Melatonin can protect LDL-C from oxidation. Other effects include prevention of degenerative disease by protecting DNA, lipids, and proteins from free radical damage. A systematic review of the animal studies and clinical trials showed its beneficial effect on TChol, TGs, LDL-C, lipid peroxidase, TNF-α, body weight, susceptibility of LDL-C to oxidation, HDL-C level, and antioxidative enzymes and glutathion levels. It influences the cholesterol metabolism via modulating the macrophage activity and regulating the secretion of pro-inflammatory cytokines. However, assessment of its safety and efficacy in long-term is required [134, 135].
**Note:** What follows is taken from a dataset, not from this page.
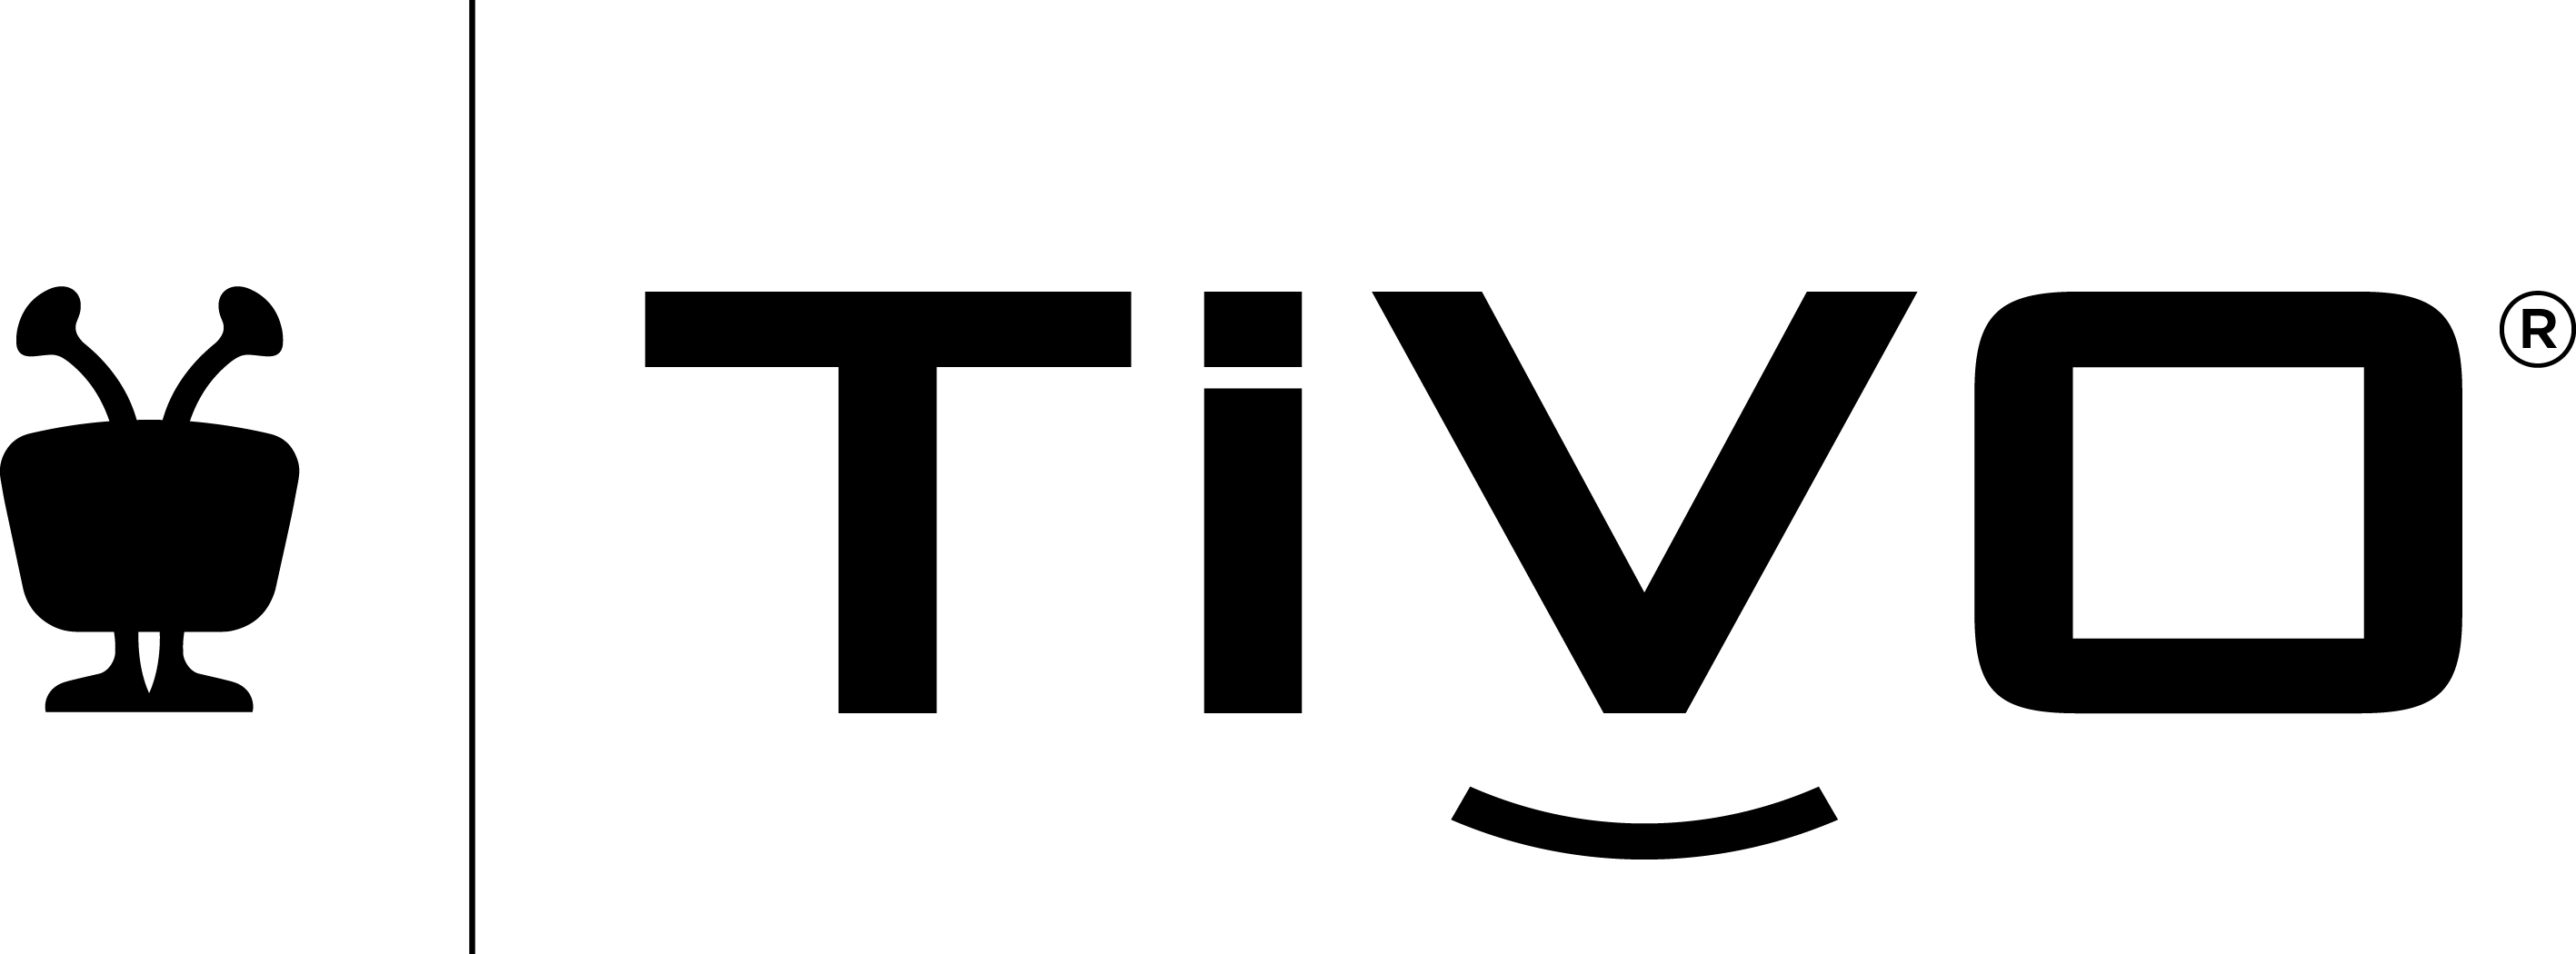 TiVo Logo

Mixture of natural products as lipid-lowering agents

The combination of Guggul, Terminalia belerica, Terminalia chebula, Embelica officinalis, ginger, long pepper, and black pepper isshown to significantly decrease TChol, and HDL-C levels versus control group [131]. Other mixtures that have shown beneficial effects on hyperlipidemia includes: extract of theaflovin, green tea catechins, and other tea polyphenols that produced significant decrease in TChol, and LDL-C, and non-significant increase in HDL-C and TGs [131].

Metabolic syndrome

According to National Cholesterol Education Program Third Adult Treatment Panel (NCEP ATP III), metabolic syndrome (MetS) is characterized by a cluster of three or more features; hyperglycemia, hypertriglyceridemia, low level of HDL-C, and central obesity [136]. The prevalence of MetS has reached epidemic due to increase in its components. Culminate MetS components together could result in 5, and 3 fold increase in the risk of T2DM and CVD, respectively. In addition, MetS is associated with major cardiovascular events and a high mortality rate [137].

Pathophysiology of MetS

Most subjects with MetS are obese. Increase in adipose tissue results in elevation of serum FFA and other adipokines. Increase in FFA induces the insulin resistance, elevates the plasma glucose, and in long term impairs the β-cell function. Elevated FFA also lead to increase in hepatic glucose output, worsening of hyperglycemia, elevation of TGs, and attenuation of HDL-C. Obesity is also associated with an increase in blood pressure with an unknown mechanism. Moreover, MetS, as a proinflammatory and prothrombotic state, is associated with an increase in CRP, interleukin-6, and PAI-1 levels that results in insulin resistance predisposition [138, 139]. In addition to genetic susceptibility, and systemic inflammation, oxidative stress has an important role in pathogenesis of MetS, similar to its role in pathogenesis of each component of MetS. Moreover, all MetS components have adverse effects on endothelium, and endothelial dysfunction is prevalent in MetS patients, an event thatis responsiblefor increased risk of T2DM and cardiovascular disease in MetS subjects [140, 141]. So it is expected that subjects with more components of MetS have a higher level of oxidative stress biomarkers.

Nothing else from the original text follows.